1.4. Quadratic Activation Network: Single Component
Theorem (Venturi et al., 2016) Let \(H(\mathbf{x}; \theta)\) be an \(L\) layer net given by \(\mathbf{h}^{(\mathscr{l})}=\phi(W^{(\mathscr{l})}\mathbf{h}^{(\mathscr{l}-1)})\) with \(W^{(\mathscr{l})} \in \mathbb{R}^{n_\mathscr{l} \times n_{\mathscr{l}-1}}\) and quadratic activation \(\phi(z)=z^2\), then once the number of parameters \(n_\mathscr{l} \geq 3N^{2^\mathscr{l}}\) where \(N\) is the number of data entries, then the sum of squares loss function has a single connected component. For the two layer case with a single quadratic activation this simplifies to \(n>2N\).

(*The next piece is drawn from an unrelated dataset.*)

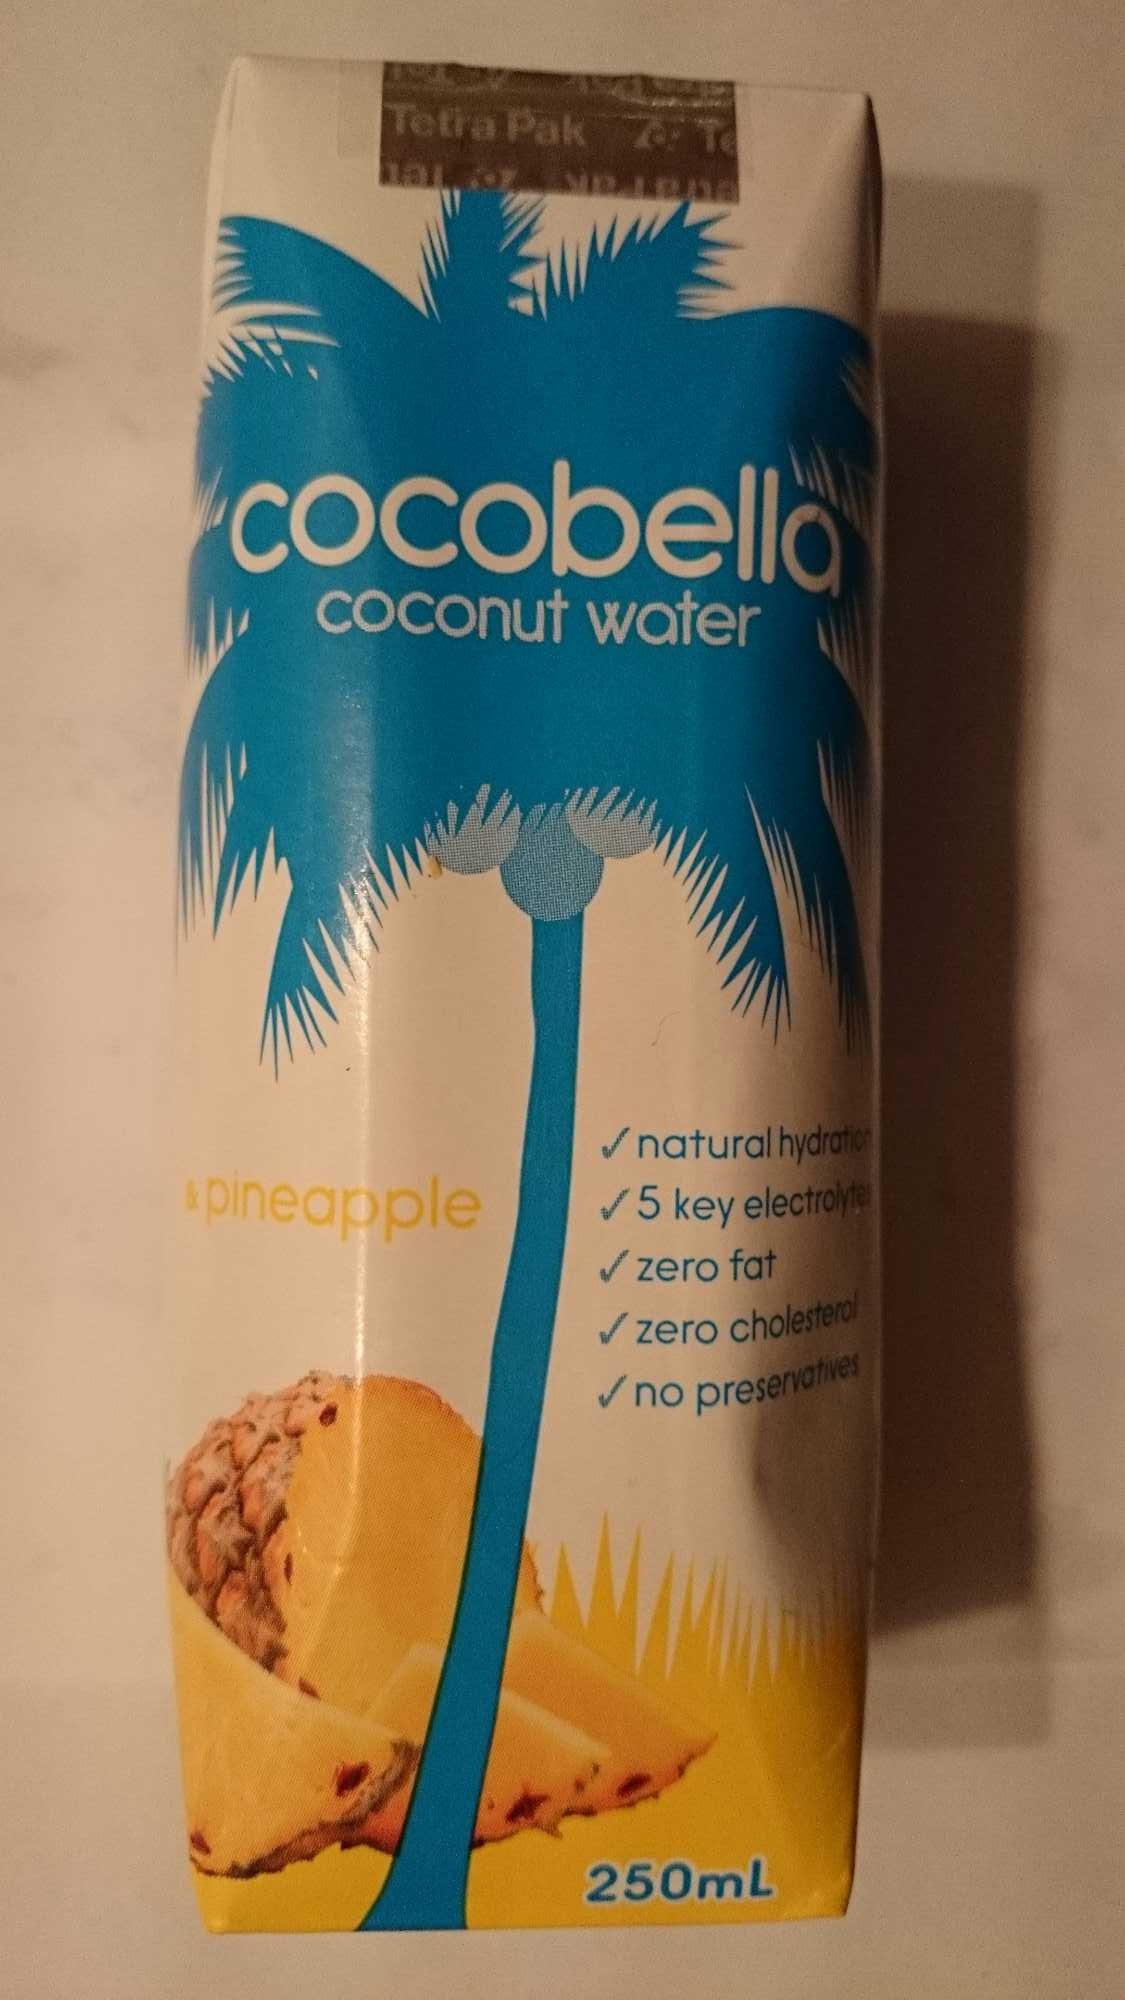 Cocobella Coconut Water Pineapple - Product - en

2. Manifold of Global Minimizer
Theorem (Cooper, 2021) Let \(H(\mathbf{x}; \theta)\) be a DNN from \(\mathbb{R}^n\) to \(\mathbb{R}^r\) with smooth nonlinear activation \(\phi(\cdot)\), let the loss function over \(d\) distinct data elements be defined as \[\mathcal{L}=(2m)^{-1}\sum_{\mu=1}^d \|H(\mathbf{x}_\mu; \theta)-\mathbf{y}_\mu\|^2_2,\] and let \(\Omega_{\mathcal{L}}^*(0)=\{\theta: \mathcal{L}(\theta; X, Y)=0\}\) be the set of weight and bias trainable parameters for which the DNN exactly fits the \(d\) data elements. Then, subject to possibly arbitrarily small perturbation, the set \(\Omega_\mathcal{L}^*(0)\) is a smooth \((d-rn)\) dimensional sub-manifold (possibly empty) of \(\mathbb{R}^d\).
3. Summary
Loss landscape for DNN can be non-convex and hence difficult to optimize.
The number of components of a loss landscape level curve can be analyzed, and in some settings has a single component greatly aiding its optimization.
Increasing width of a DNN can improve the loss landscape.
The local shape of random net can be analyzed, showing that when near a minima the Hessian has only non-negative eigenvalues.
When the amount of data exceeds the product of the input and output dimensions, DNN with smooth non-linear activations which exactly fit the data, have smooth manifold of a known dimension.
4. Improvement
Larger training batch size narrows the loss function while weight decay (adding \(\|\theta\|\) to the loss, broadens the loss function).
Adding skip connections through residual networks can greatly smooth the loss landscape.
Batch normalization can help train parameters in bulk and in so doing improve the training rate (though superfluous for expressivity).
CNN can even be convexified which may limit overall accuracy, but ensures ease of training regardless of initialization.